Я видел вокруг то, что я вижу обычно. У меня такой меланхолический взгляд, поэтому я вижу руинированные пространства, побитые водосточные трубы, время от времени встречаю мёртвых птичек на асфальте или зверюшек. И всё это у меня переплетается с изнанкой. Недавно пересматривал «Матрицу»: там Нео видит цифры, а я вижу за дворцами не цифры, а вот это всё, о чем я говорил выше. Особенно живя в Москве. Здесь это находится на поверхности, когда за блестящей дорогой обложкой и фасадом скрывается непривлекательная изнанка. Всё это постепенно стало через руку выходить. Я до этого много перерисовывал со старых фотографий, копировал с помощью кальки старые чужие письма. И вот для меня переписывание этого почерка, чужого, оно трансформировалось в это рисование. То есть те люди, которых я перерисовывал, стали в каких-то других видах появляться, и постепенно из них складывались новые истории.

Хаим Сокол

О текущем состоянии 

Я проектом очень доволен. Надо понимать, что есть процесс создания каждой отдельной работы, а есть деятельность по соединению этого всего вместе. То, что соединилось на выставке в Санкт-Петербурге, созданные специально для выставки новые работы и ранние работы – это какое-то новое отдельное высказывание. Это была работа, которая оказалась удовольствием. В общем, мне кажется, всё сложилось.
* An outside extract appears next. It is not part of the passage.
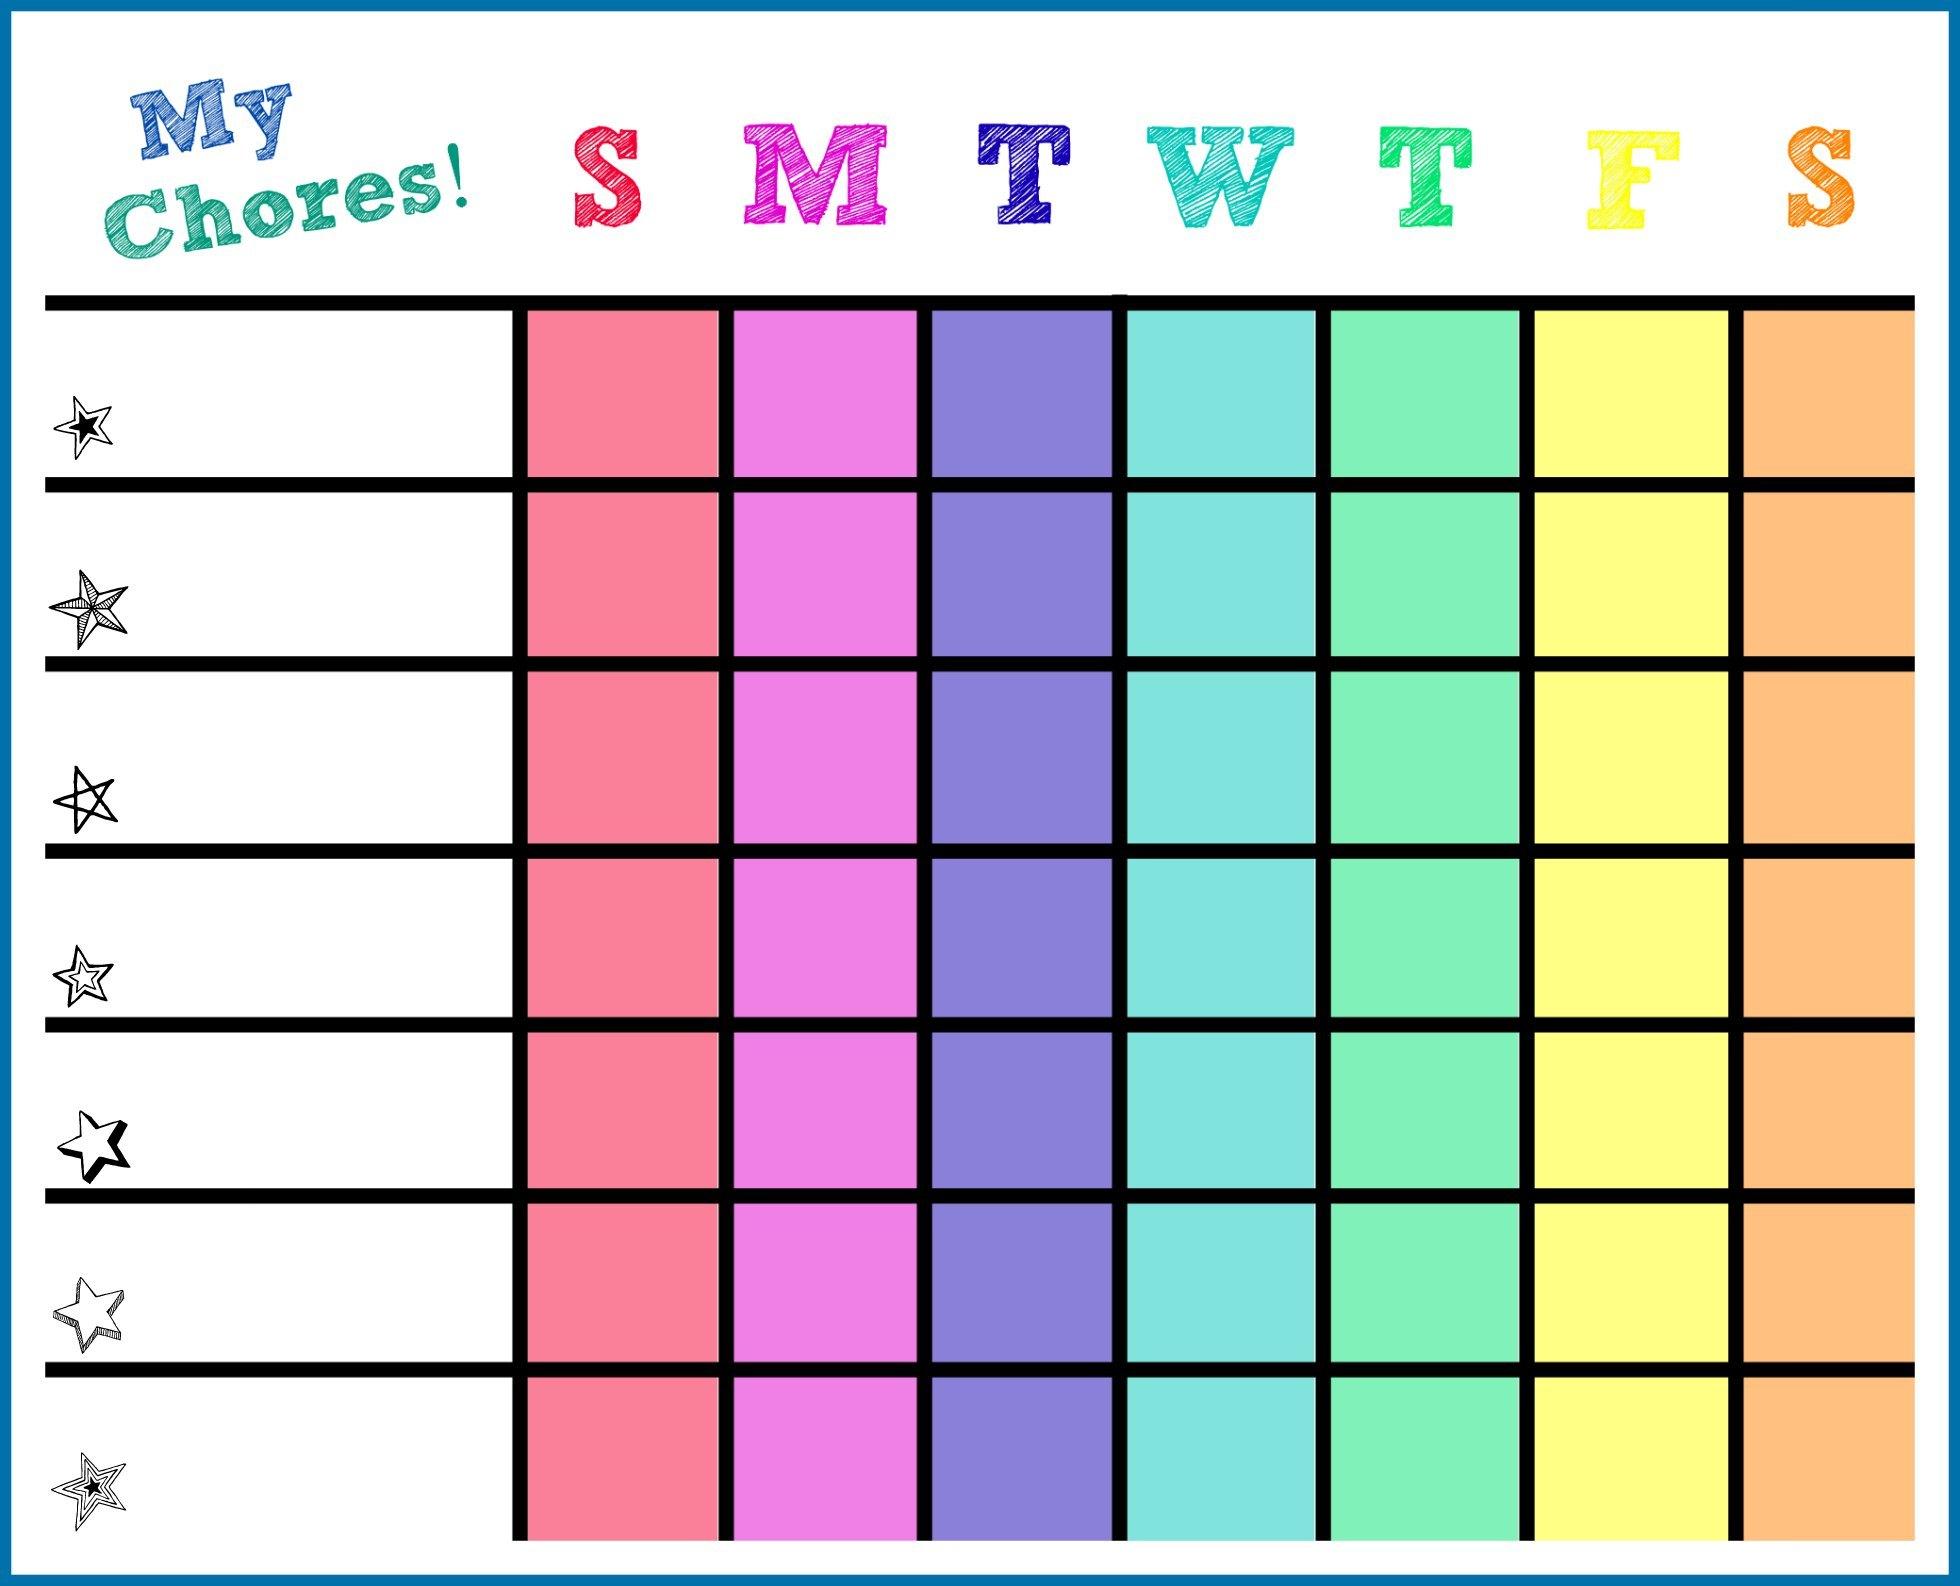 Kids Chore List Template. Printable. Daily Chore List Template - Free Editable Printable Chore Charts

Я не могу сказать, что я излечился от каких-то своих демонов и чувствую себя лучше, но это скачкообразно. Сейчас я на подъёме, потому что мне кажется, что всё как-то сложилось, и без ложной скромности – сложилось хорошо. А, возможно, завтра ко мне опять вернутся мои страхи, паранойя, тревога, и, наверное, опять появятся какие-то розовые тумбочки или птицы-люди. 

 

Выставка «Превращение как форма сопротивления» продлится в галерее современного искусства Anna Nova до 13 декабря.